I like the suggestion. How would you handle the case of a cynical team member in the suggested scenario?
I love the story of the cook bending down to pickup a gum wrapper from the floor of the dinning area… that is so true in every industry for example this is applicable in any software product that is complex enough to have different units/modules of software code that are put together to create the completed software, during the ‘putting together’ process may gum wrappers are dropped and not always cleared up.
What I would like to know is about using examples to the team about one member taking ownership.
Is it a good idea to use examples about someone who takes ownership in the team? I am concerned if it could be seen as favoring one team member versus others.

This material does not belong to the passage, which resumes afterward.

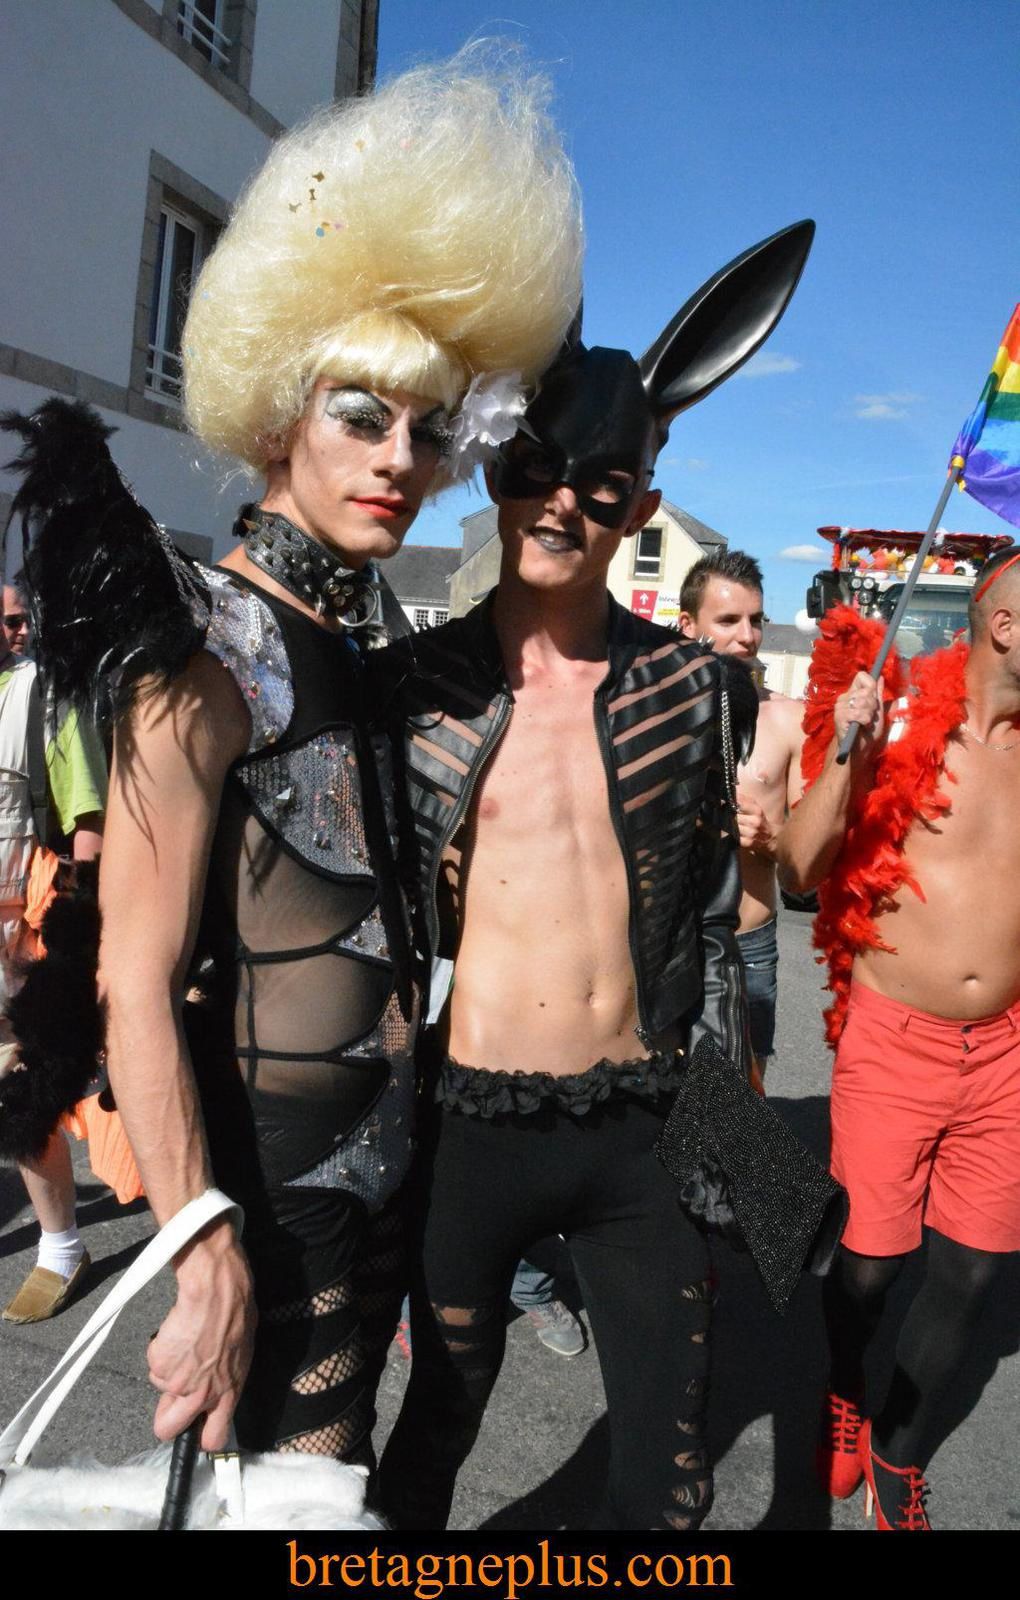 Festy-Gay 2015
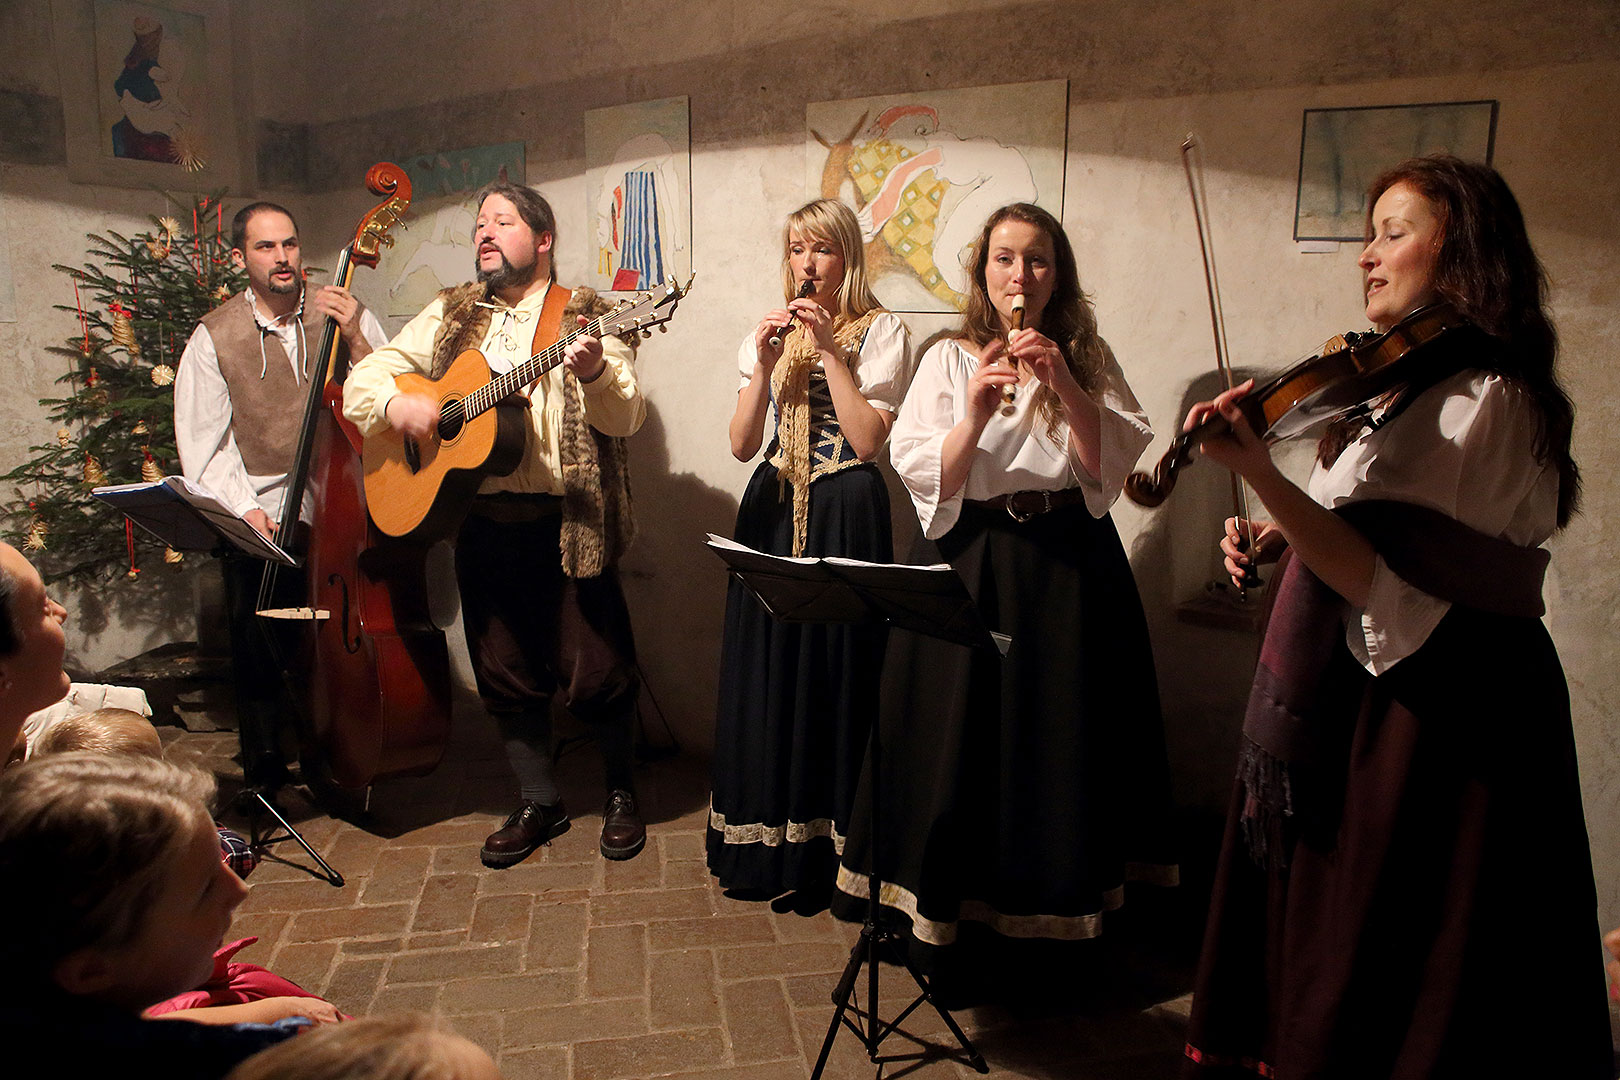 Kapka - Traditional Christmas concert of local folk band, 25.12.2013

Here’s a quote from a sci-fi book “In Conquest Born” (C.S. Friedman): “An uninspired ruler works to develop those relationships which will be most to his advantage. A great ruler determines the most desirable relationships and assumes them in to being.”
I see this as a way to institute a bit of friendly competition among the team. Telling the story to the rest of the staff basically communicates your expectations on how you see good or bad performance. This allows everybody to have the same reference or metric and enables them to chose whether they would want to apply it or not. It is up to them then to take ownership of this…
I see ownership as something that build bridges to enable something. Ownership is all about collaboration and positive energy. Grey areas are the biggest obstacle to ownership. This problem is not in my domain. Why do I care? If one has the ownership of the problem, things would get resolved quickly. Ownership can enable a company/individual to leap frog
I like the stress placed on defining what ownership means. It could mean different things to different people. Three easy steps identified are enough for someone to start thinking in that direction.
I can see this will have value as a team exercise. Use of metaphor should be particularly helpful with writers. I will surely need to exclude cats from the range of items owned, though.
I would like to know how can we enforce ownership in certain situations like – when the person is not totally engaged in the project, not sure about how his/her contribution is helping overall success of the project, just doing the things for paycheck or bonus. As you had mentioned since ownership is a feeling, it is hard to measure and reward, especially the system rewards based on data or the facts.
This is a very important topic. A while back I had a team that was unmotivated to work as a team. Once I figured that by giving them a sense of ownership of specific work, of initiatives, of mentoring others, it has completely changed the team dynamics. It has allowed me to delegate more work, has improved work productivity and efficiency from each member of my team. Great post!
This blog is more about taking ownership and I believe that is what you are intended.
I want to point out the other side of it, I am surprised to see over and over again how our leaders wait to ‘give ownership’ until they almost fail to see the results.
I believe ‘give’ and ‘take’ goes both hand in hand to reduce the ambiguity and to set accountability.
As I see it ownership is the one of the best ways for a manager to scale and help take their organization to the next level. One of the things that I have wrestled with is getting other groups to reciprocate, taking ownership of their space, or when a service/responsibility is turned over to as an operational responsibility. Sometimes the level of ownership doesn’t manifest. How can I help as a leader to help promote this ownership in organizations where I don’t have direct managerial influence?
I agree with you Rob. If you can have your team “own” their deliverables and beyond that have a sense of wnership for the success of the entire project / team, the work attitude improves and they will go out of their way to make “it” happen.